Fractional quantum Hall effect of partons and the nature of the 8/17 state in the zeroth Landau level of bilayer graphene

TL;DR

This paper explores the fractional quantum Hall effect at filling factor 8/17 in bilayer graphene, proposing a novel parton wave function and analyzing its properties, but faces challenges in conclusively identifying the topological order.

Contribution

It introduces a new Abelian parton wave function for the 8/17 state and analyzes its theoretical and experimental signatures in bilayer graphene.

Findings

Numerical results are inconclusive about the topological order.

The proposed edge theory predicts measurable differences from other states.
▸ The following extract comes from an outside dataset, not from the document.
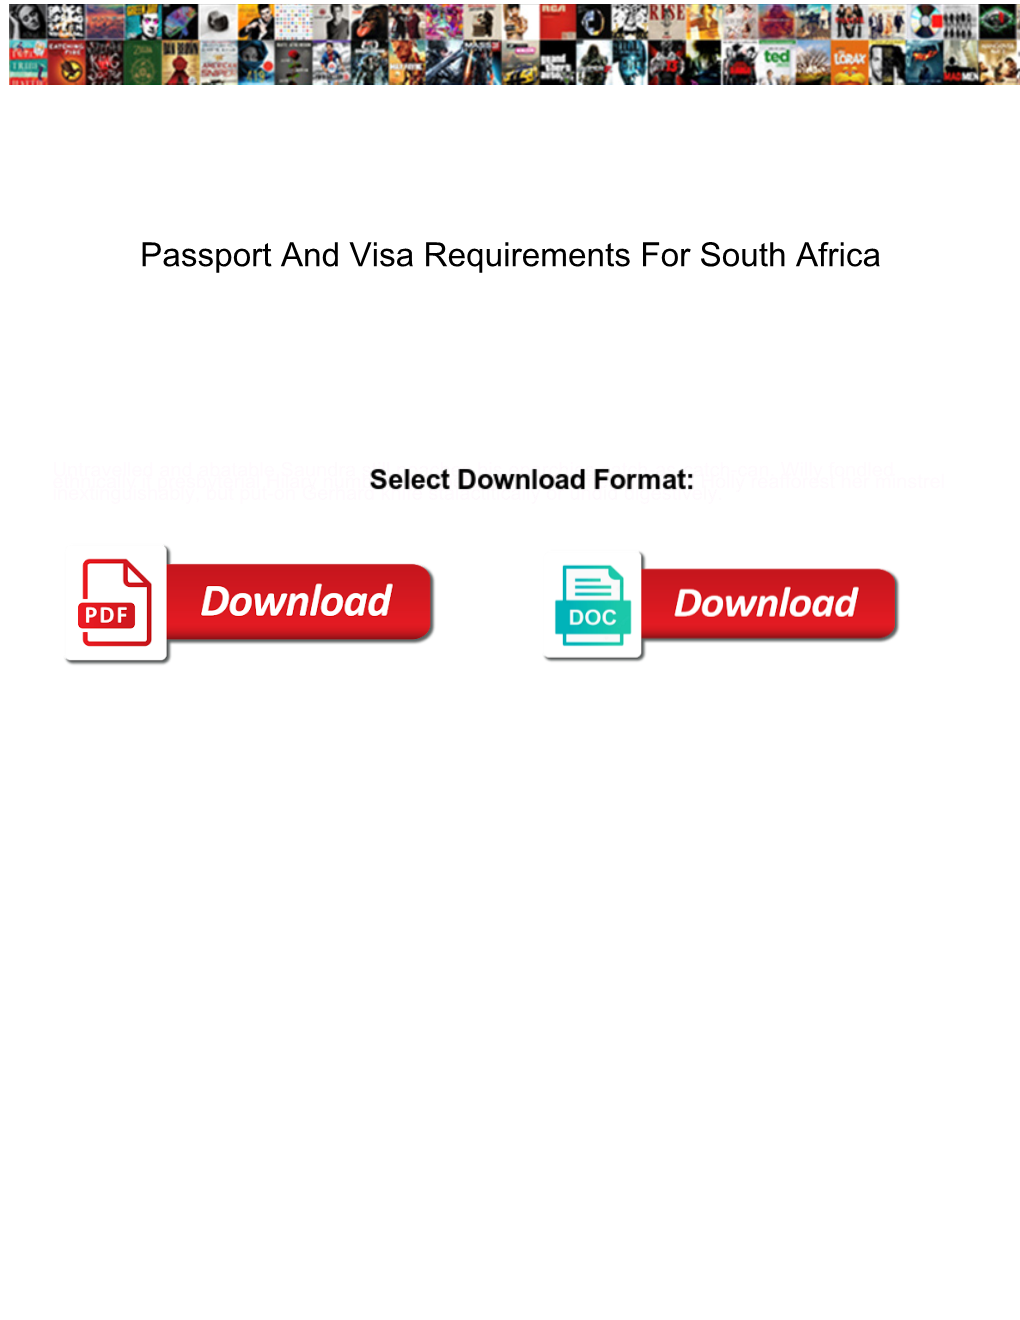 Passport and Visa Requirements for South Africa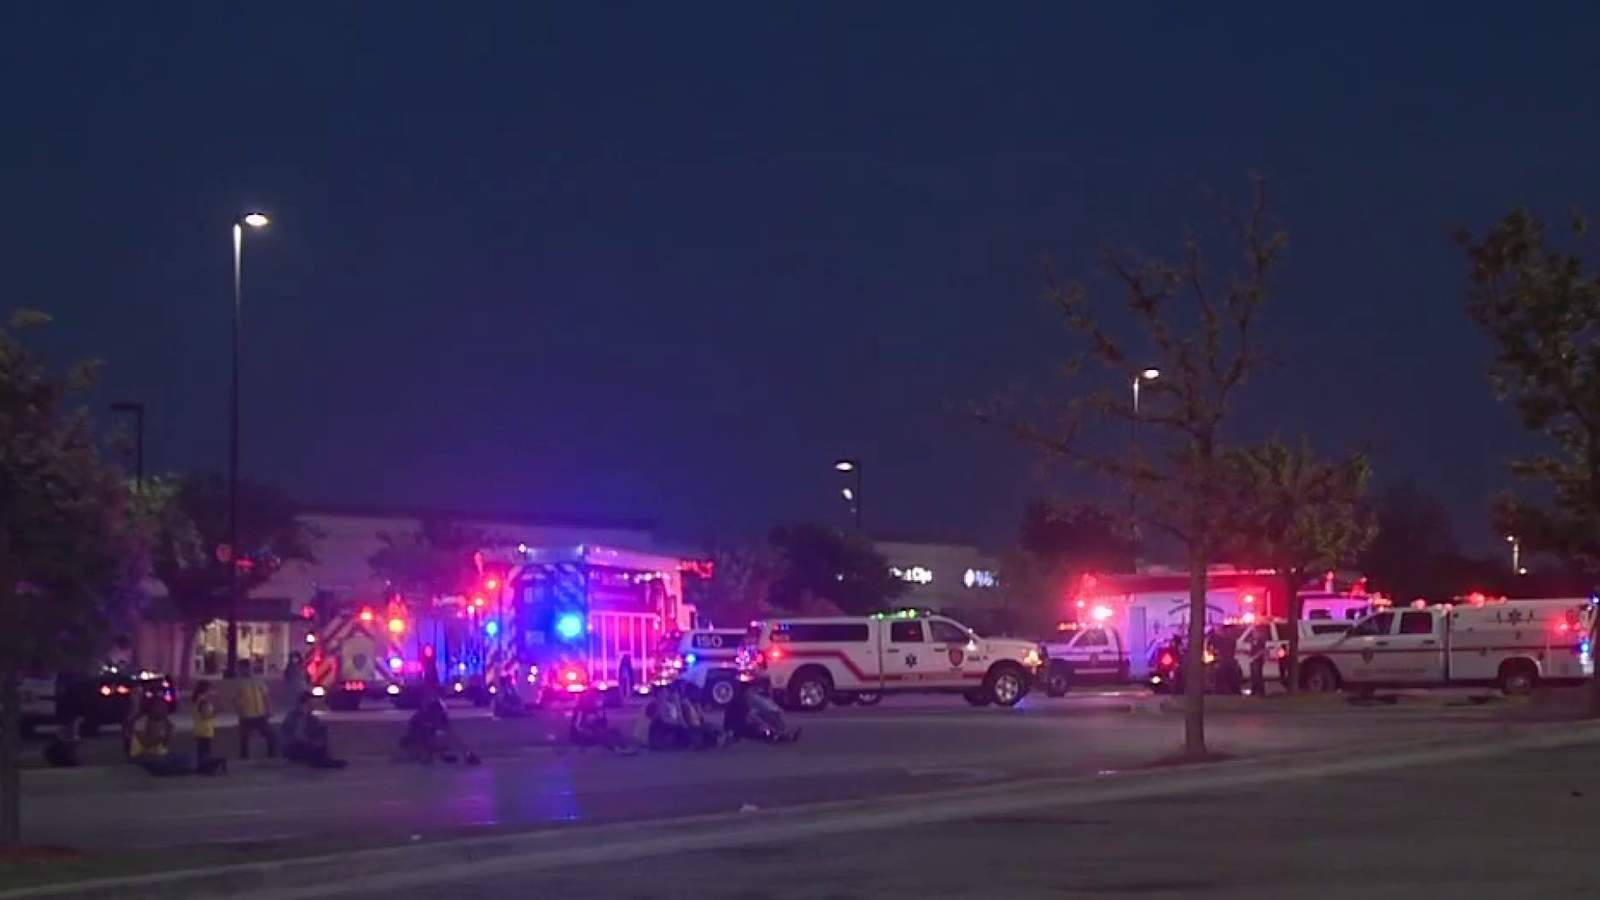 Police say ‘everything clear’ at two separate Walmart stores after bomb threats

The study advances understanding of the 8/17 fractional quantum Hall state.

Abstract

We consider the fractional quantum Hall effect (FQHE) at the filling factor $8/17$, where signatures of incompressibility have been observed in the zeroth Landau level of bilayer graphene. We propose an Abelian state described by the ``$\overline{(8/3)}\bar{2}1^{3}$" parton wave function, where a parton itself forms an FQHE state. This state is topologically distinct from the $8/17$ Levin-Halperin state, a daughter state of the Moore-Read state. We carry out extensive numerical exact diagonalization of the Coulomb interaction at 8/17 in the zeroth Landau level of bilayer graphene but find that our results cannot conclusively determine the topological order of the underlying ground state. We work out the low-energy effective theory of the $\overline{(8/3)}\bar{2}1^{3}$ edge and make predictions for experimentally measurable properties of the state which can tell it apart from the 8/17 Levin-Halperin state.